Aucun geste n’est plus emblématique du métier de vigneron que la taille de la vigne. Il faut admettre qu’il y a des raisons à cela, la plus évidente étant que ce geste initie un nouveau cycle agricole. Mais c’est surtout une pratique qui a deux objectifs : la structuration du cep de vigne et la gestion de la production.
La vigne est une plante pérenne c’est évident ; c’est pourquoi la taille doit prendre en compte l’évolution de l’architecture du pied sur les années à venir. Nous allons sélectionner les rameaux qui vont s’orienter sans trop de contrainte dans le palissage, essayer de maintenir une hauteur de pied conforme à notre système de palissage et repartir le feuillage et la production de façon régulière. A cela, il faut ajouter un concept trop souvent négligé : le respect des flux de sève. Dès la taille de formation, il est important de contraindre le moins possible les flux de xylème (les vaisseaux conducteurs de sève brute) qui alimenteront les feuilles et les grappes. Ce sont des objectifs qui se construisent sur le moyen terme et c’est finalement ce qui rends la taille de la vigne si intéressante : le tailleur doit comprendre le travail entrepris l’année précédente et laisser des indices de son projet aux tailleurs des années suivantes.
Au cours de la fin de l’été précédent, la taille a lieu l’induction florale ; au moment de la taille les ébauches de fleurs de vigne sont donc déjà formées. Nous avons donc un potentiel de production que nous allons patiemment essayés de préserver à partir de ce moment. Cette préservation commence par la recherche d’un équilibre de production qui consiste à ne pas exiger de la plante une charge supérieure à ce qu’elle peut supporter. Un excellent indicateur sera d’observer au moment de la taille la plante dépourvue de feuille et de chercher les éléments qui permettent d’évaluer sa vigueur. Le volume de végétation, est un excellent indicateur. Si la vigne n’a pas atteint le haut du palissage, ou au contraire si elle a été régulièrement rognée, nous en apprenons beaucoup. Mais à titre personnel, mon indicateur préféré reste le diamètre des sarments. On vise des sarments d’un diamètre proche d’une cigarette, des sarment plus gros montrent une vigueur un peu excessive et peut justifier une charge en bourgeons supérieure, là où des sarments plus frêles peuvent conduire à une charge plus modérée.

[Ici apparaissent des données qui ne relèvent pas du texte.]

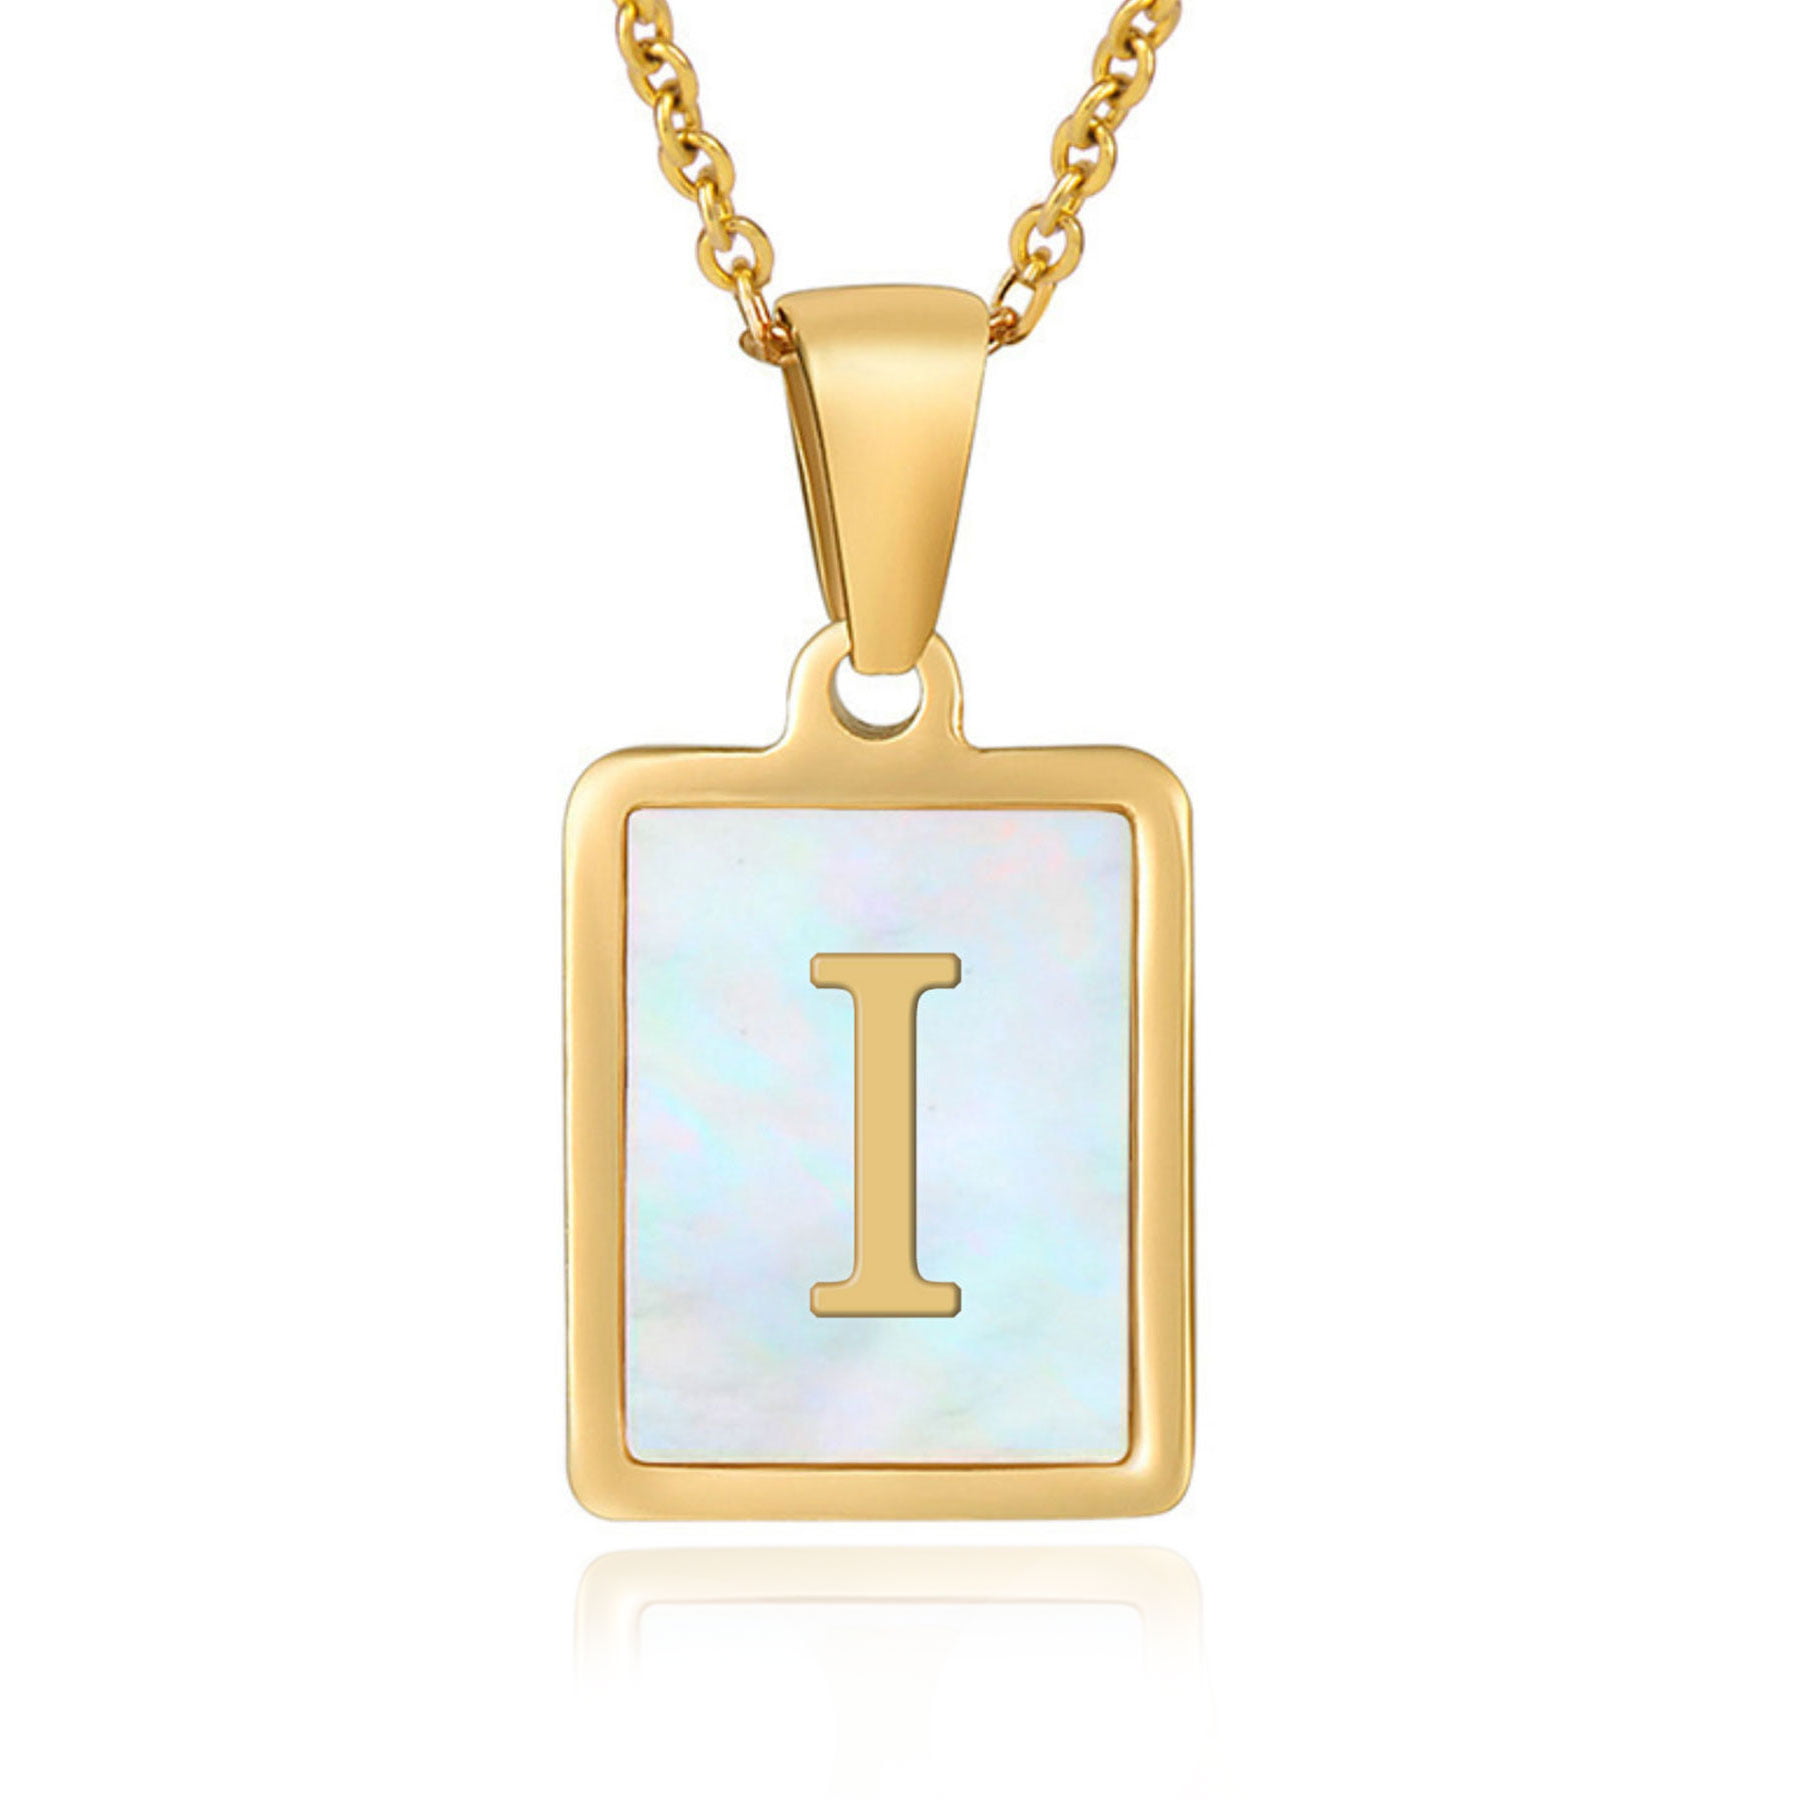 Details about   New Real Solid 14K Gold Classic Automobile Charm Pendant 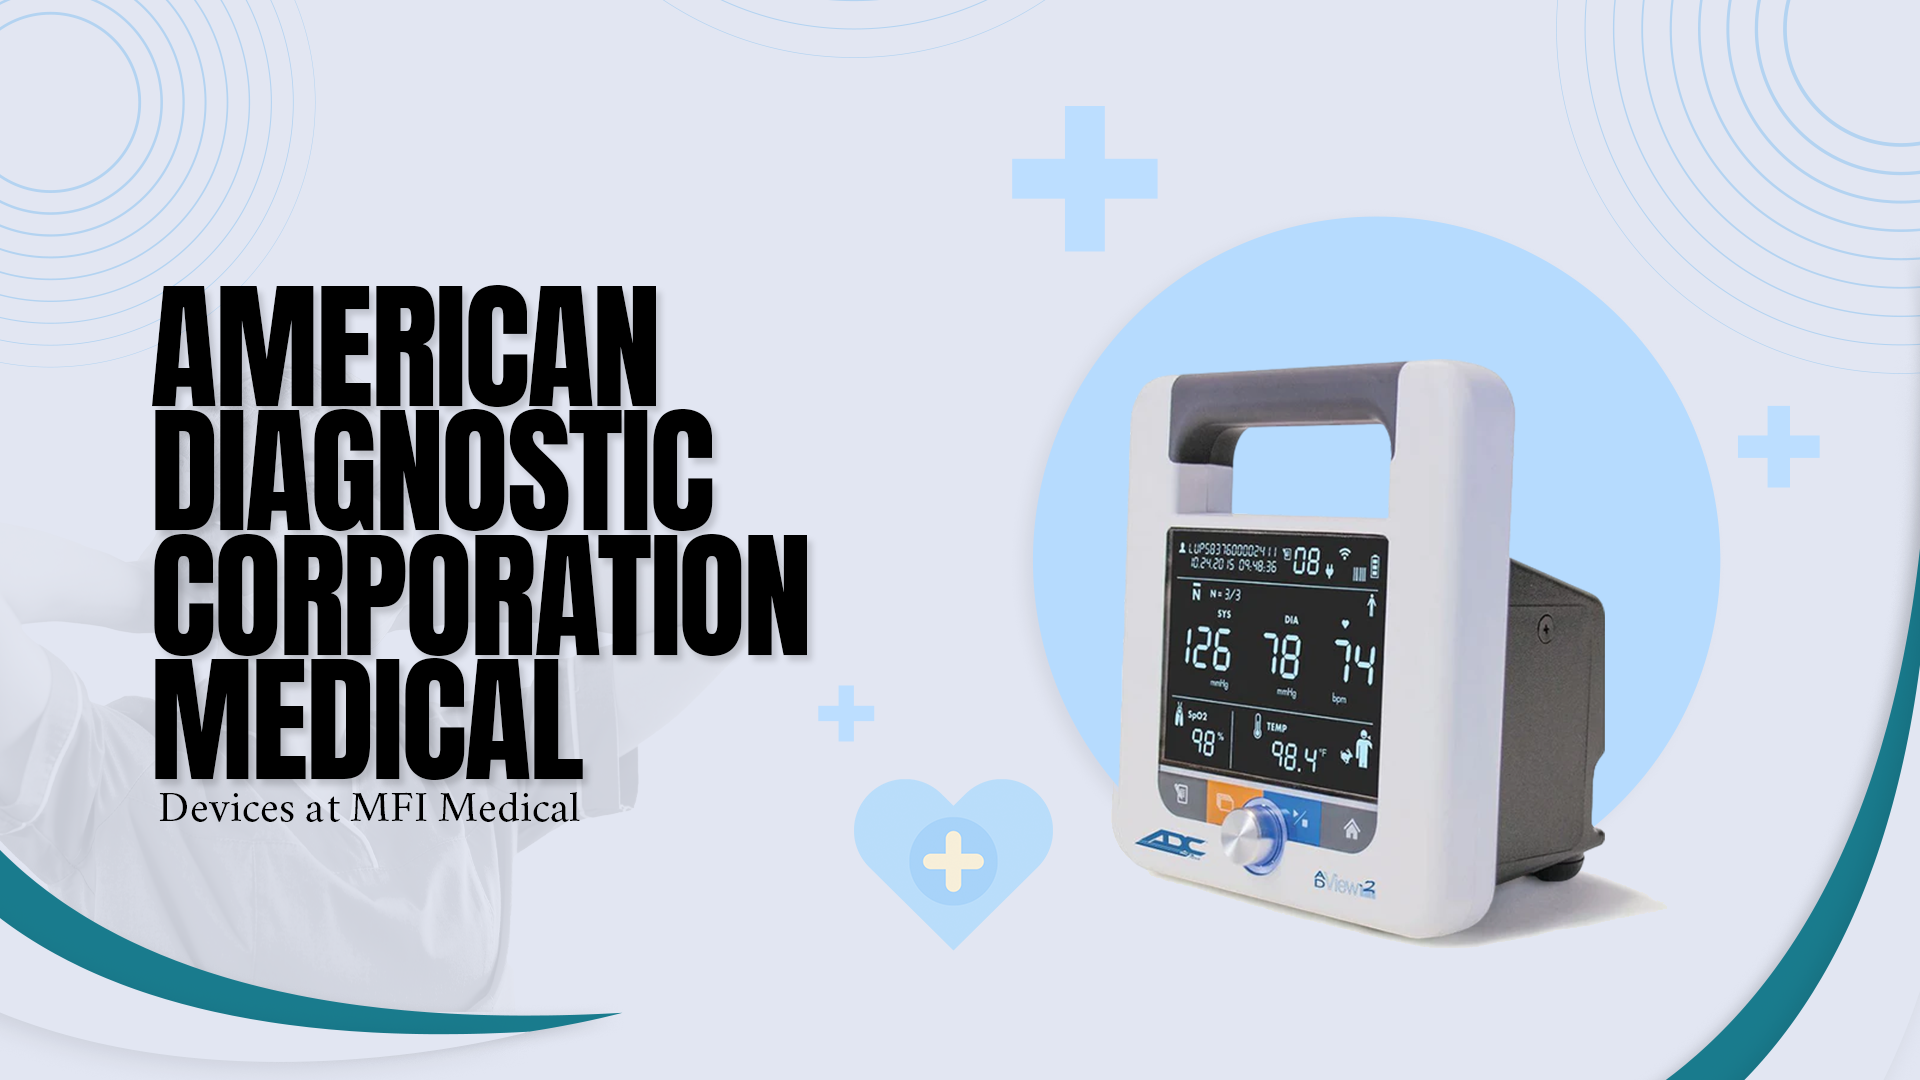 American Diagnostic Corporation Medical Devices at MFI Medical

Il ne faut pas craindre de limiter le nombre de bourgeons, une vigne qui doit assumer un trop grand nombre de bourgeons n’aura pas une floraison efficace, sera plus sensible aux épisodes de fortes chaleurs et le rendement sera forcément amputé par la suite.
Retenons qu’il est très compliqué d’augmenter sa production au moment de la taille. Si la production n’est pas régulièrement assurée pour des raisons de vigueur, il est plus sage de prendre du recul et de mettre en place un plan de moyen terme ayant pour objectif d’améliorer la vigueur à l’échelle de la parcelle. De la même façon, chercher à limiter le rendement par la taille montre rapidement ses limites ; il aura par la suite une compensation sur les autres composantes de rendement (par exemple la taille de la baie).
La taille, par sa symbolique et par l’intelligence et la finesse qu’elle nécessite, mérite amplement son statut de geste iconique du vigneron.